- Interactive map of Krysset
- Coordinates: 59°41′41″N 8°03′47″E﻿ / ﻿59.69473°N 8.06306°E
- Country: Norway
- Region: Eastern Norway
- County: Telemark
- District: Vest-Telemark
- Municipality: Vinje Municipality

Area
- • Total: 0.94 km^{2} (0.36 sq mi)
- Elevation: 735 m (2,411 ft)

Population (2025)
- • Total: 620
- • Density: 660/km^{2} (1,700/sq mi)
- Time zone: UTC+01:00 (CET)
- • Summer (DST): UTC+02:00 (CEST)
- Post Code: 3864 Rauland

= Krysset =

Village in Vinje Municipality, Norway

Krysset or Krossen is a village in Vinje Municipality in Telemark county, Norway. The village is located near the eastern shore of the lake Totak, just to the southeast of the village of Raulandsgrend. The municipal centre of Åmot lies about 15 km south of Krossen.
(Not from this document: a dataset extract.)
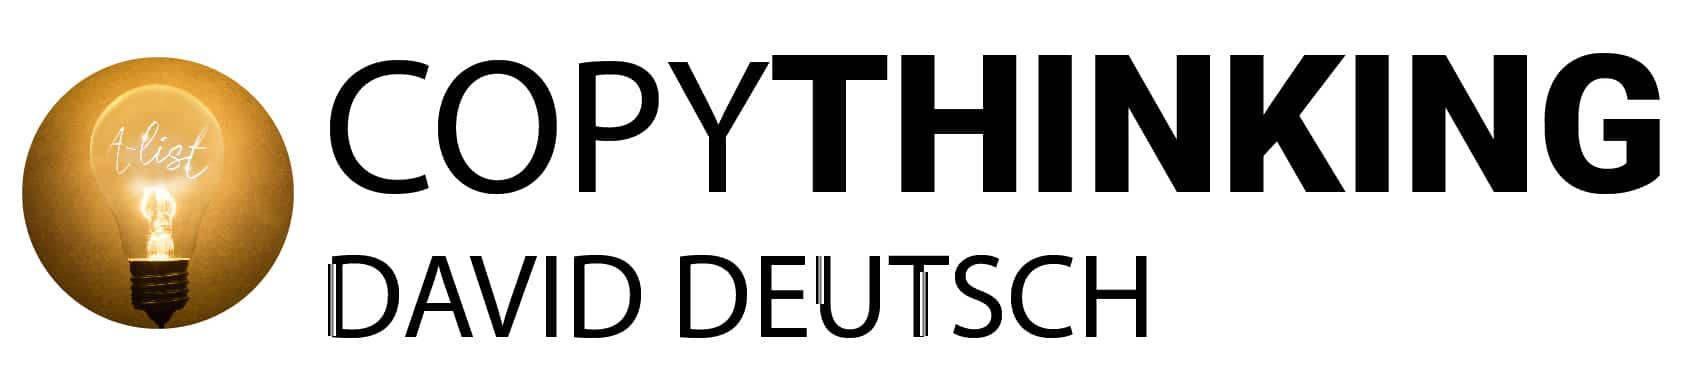 David Deutsch's A-List Copywriting Secrets image

The 0.94 km2 village has a population (2025) of 620 and a population density of 660 PD/km2.

== History ==

Krossen has a rich history, with settlement activities dating back to the early medieval period. The area was historically part of the larger administrative district of Vinje Municipality, which has been a significant locality in Telemark county for centuries. The establishment of the Holum Church in 1825 marks an important development in the village's history, serving as a central place of worship and community gathering.

===Name===
Historically, the name was Krossen, but in 2025, the name was changed to Krysset, although Krossen is still an accepted name, but Krysset is the preferred name.